> Exercise objective: Word for word, repeat the data that follows. Do not include the pictures.

--- Data Enclosed Below ---

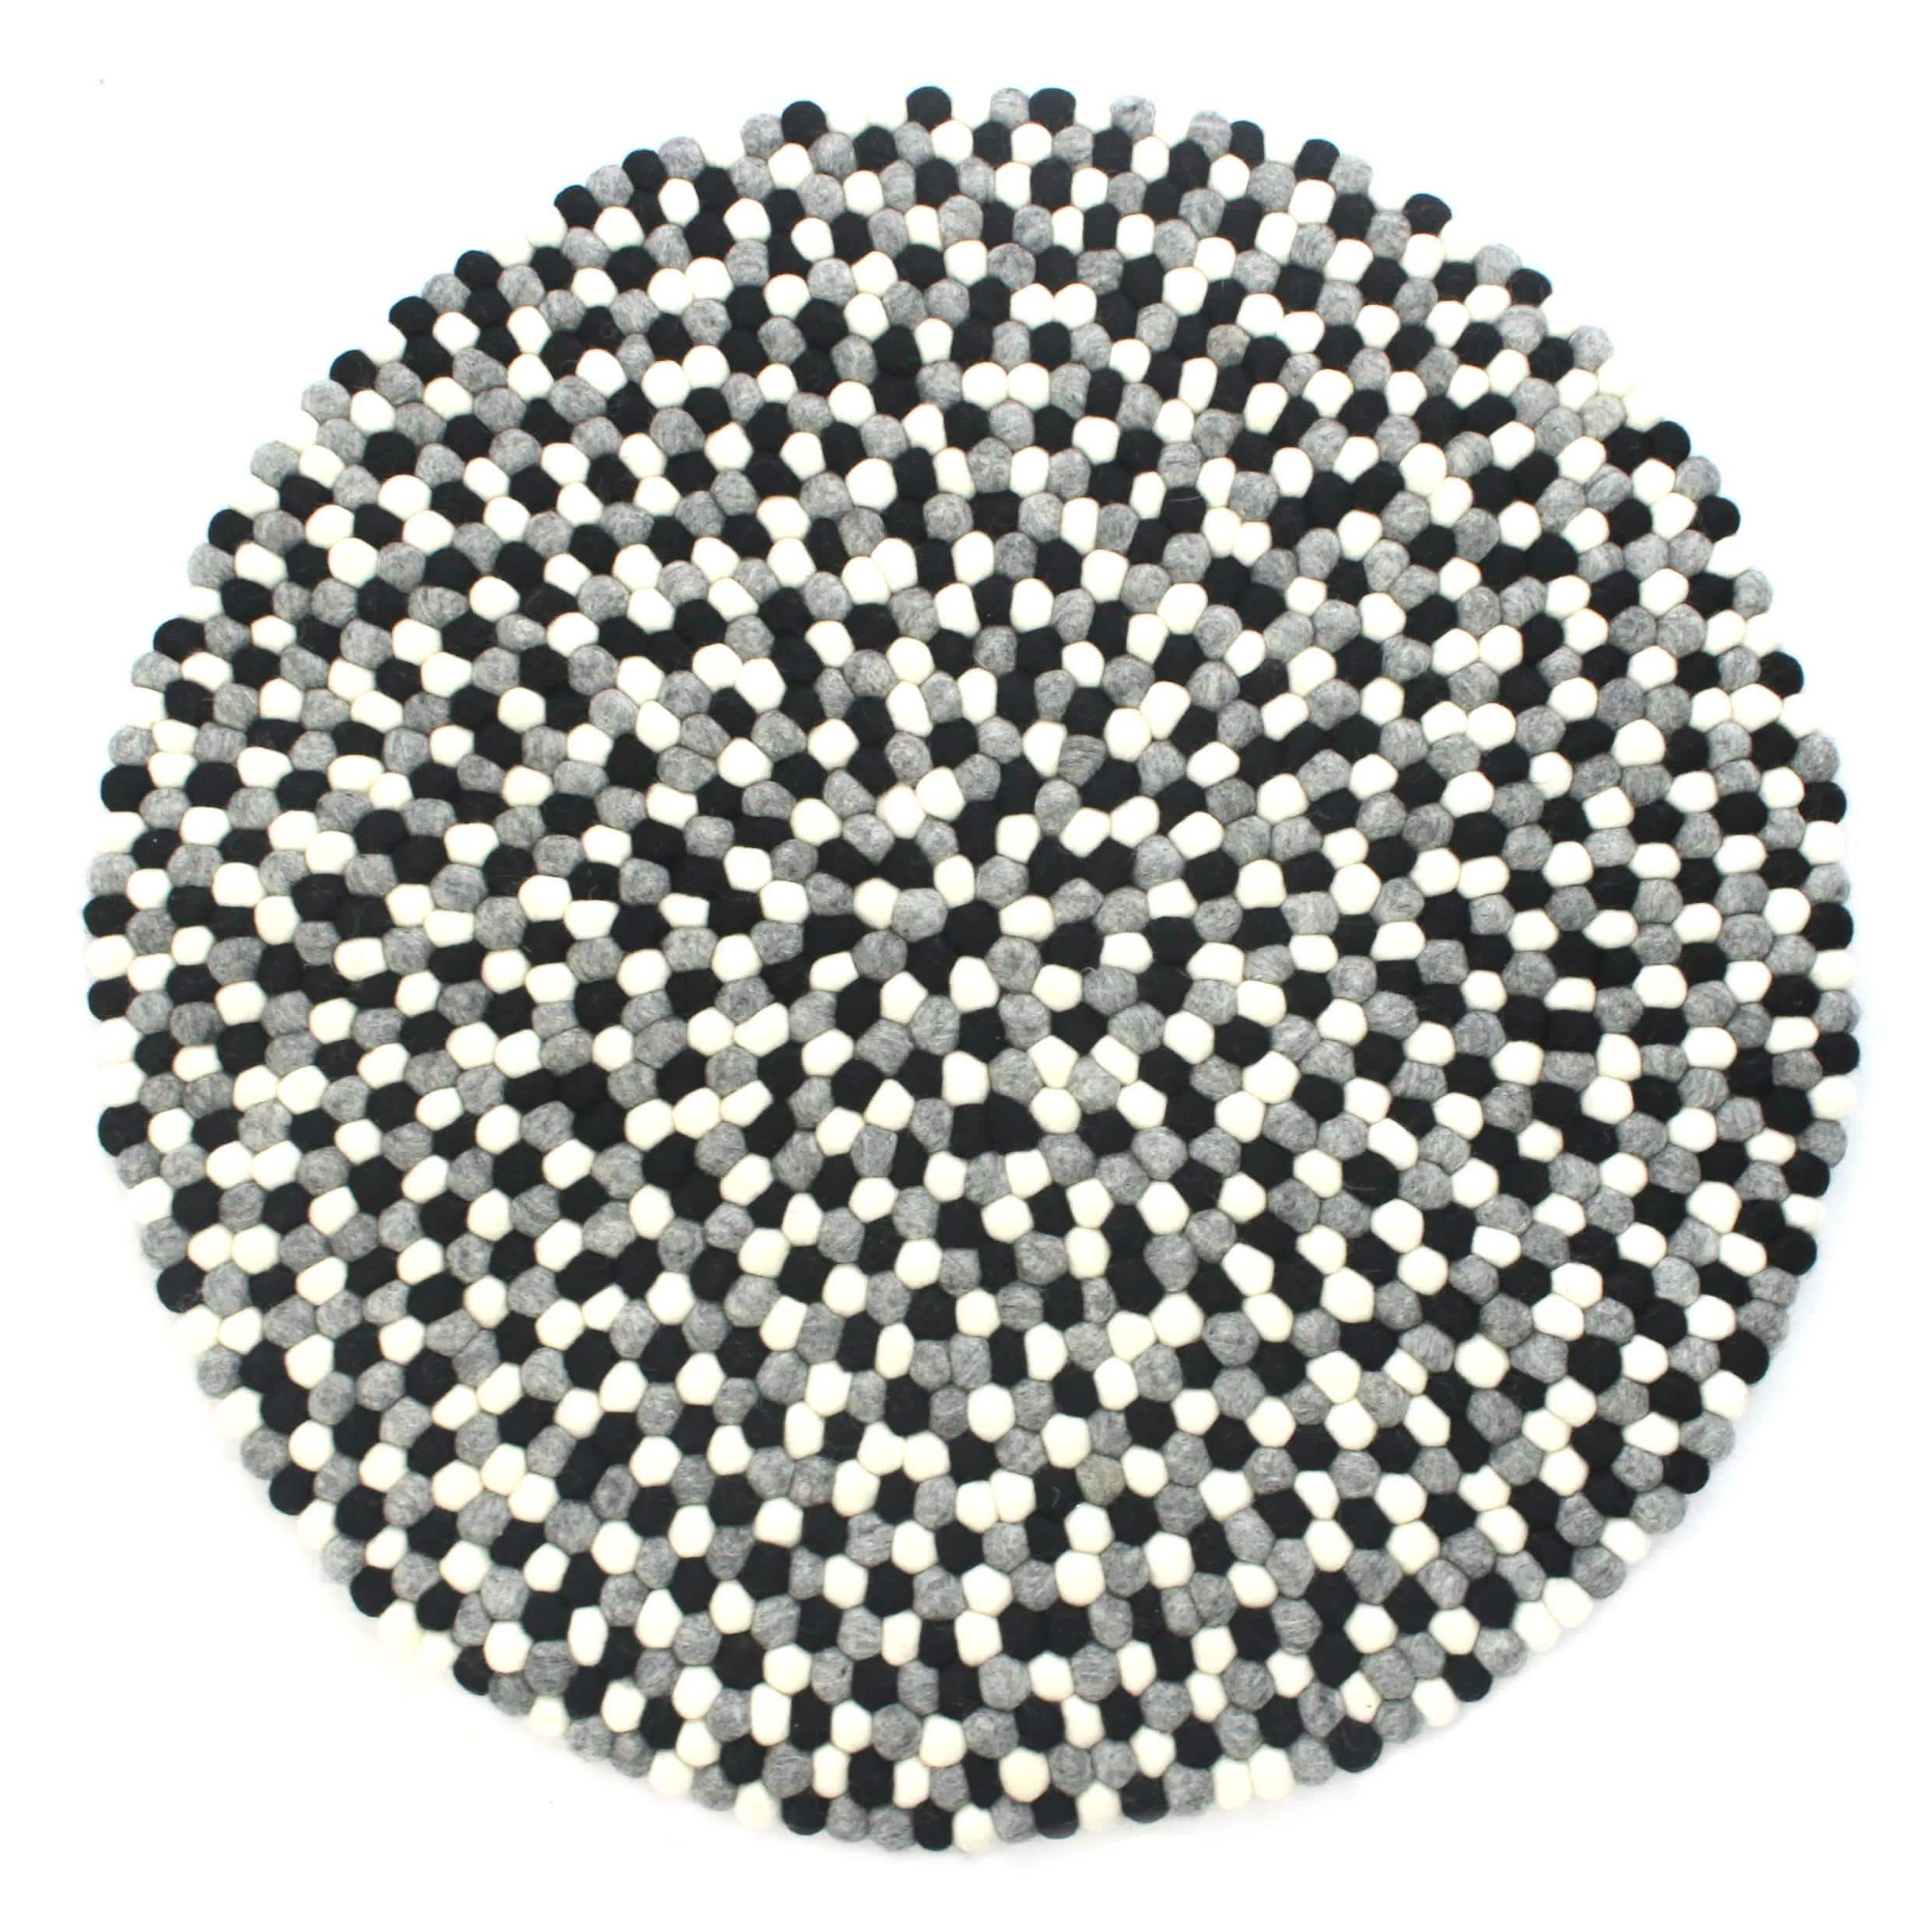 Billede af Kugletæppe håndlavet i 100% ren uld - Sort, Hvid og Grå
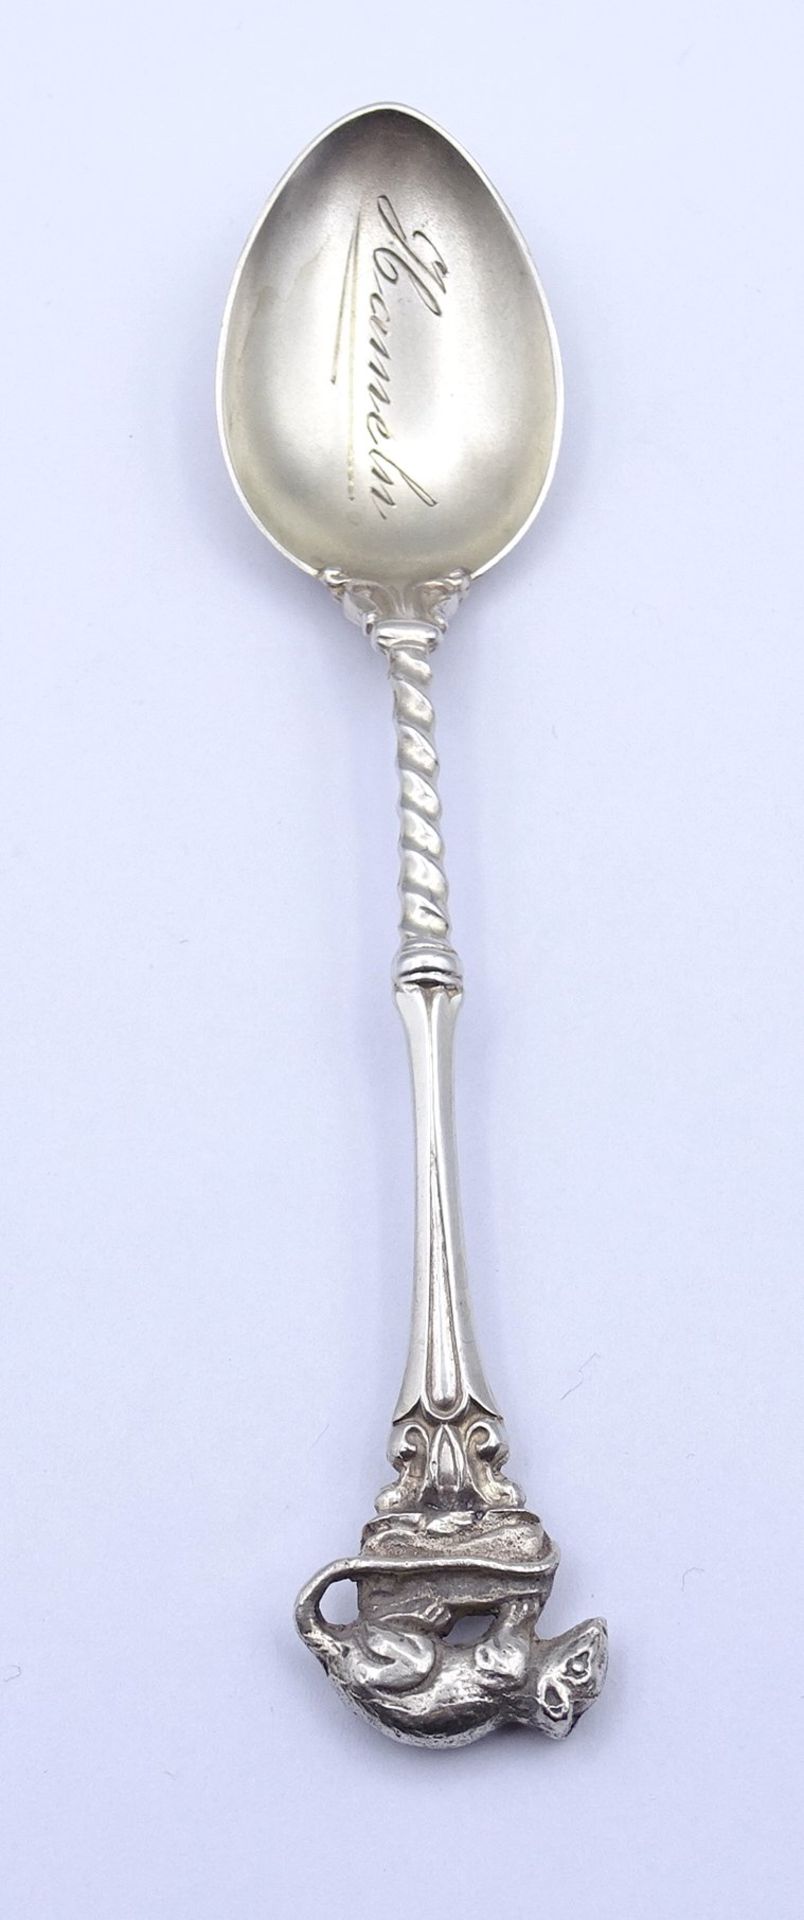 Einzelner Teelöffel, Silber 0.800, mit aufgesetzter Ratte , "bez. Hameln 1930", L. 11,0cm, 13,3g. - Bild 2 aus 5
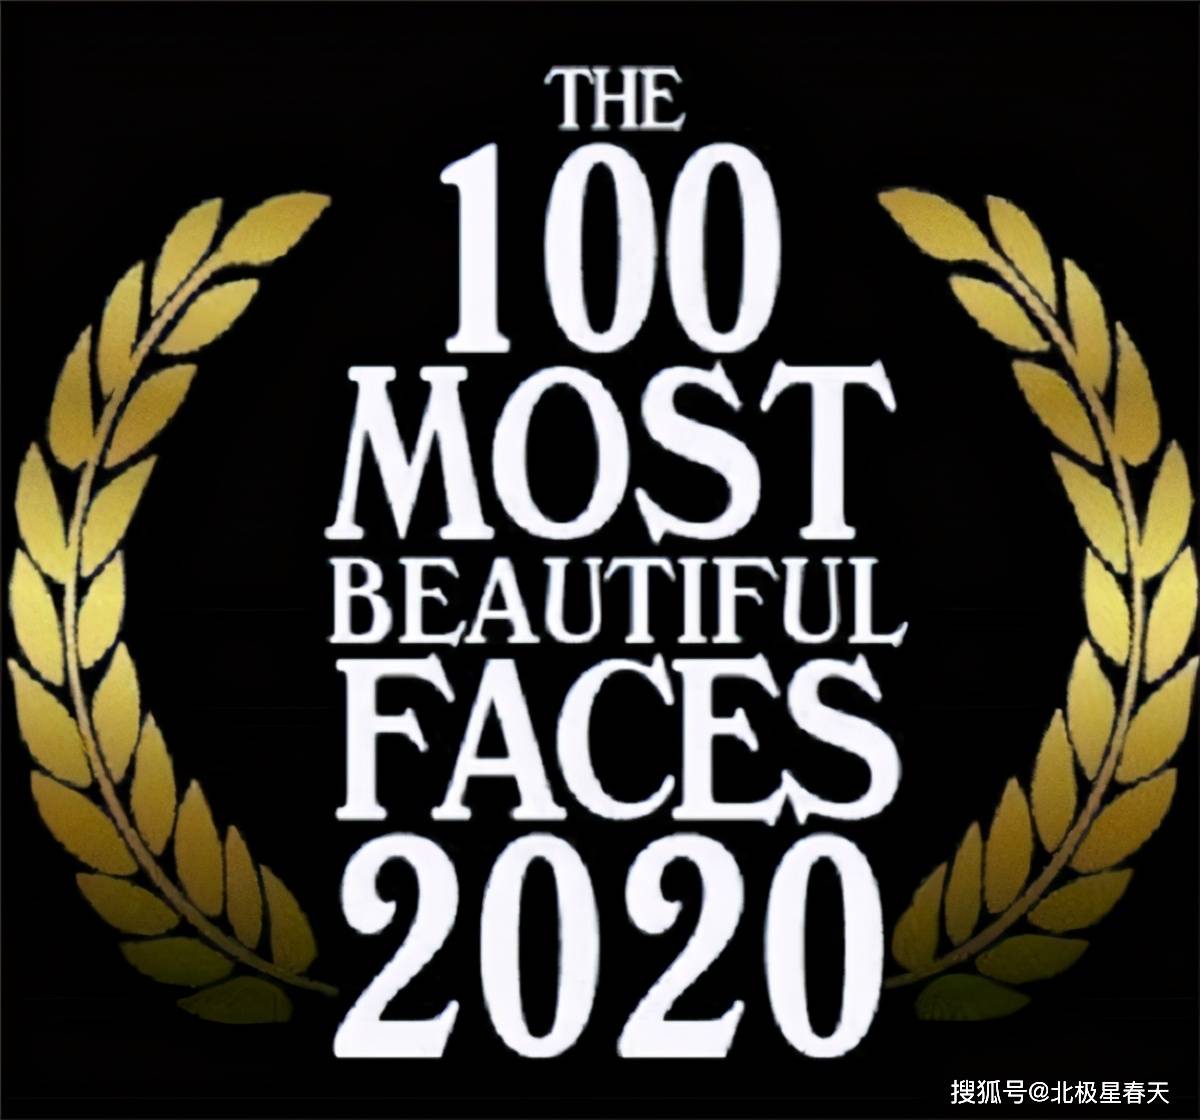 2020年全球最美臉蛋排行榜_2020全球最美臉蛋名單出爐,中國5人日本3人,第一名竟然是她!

--- End of Enclosed Data ---

> Exercise result:
 Billede af Kugletæppe håndlavet i 100% ren uld - Sort, Hvid og Grå
 Einzelner Teelöffel, Silber 0.800, mit aufgesetzter Ratte , "bez. Hameln 1930", L. 11,0cm, 13,3g. - Bild 2 aus 5
 2020年全球最美臉蛋排行榜_2020全球最美臉蛋名單出爐,中國5人日本3人,第一名竟然是她!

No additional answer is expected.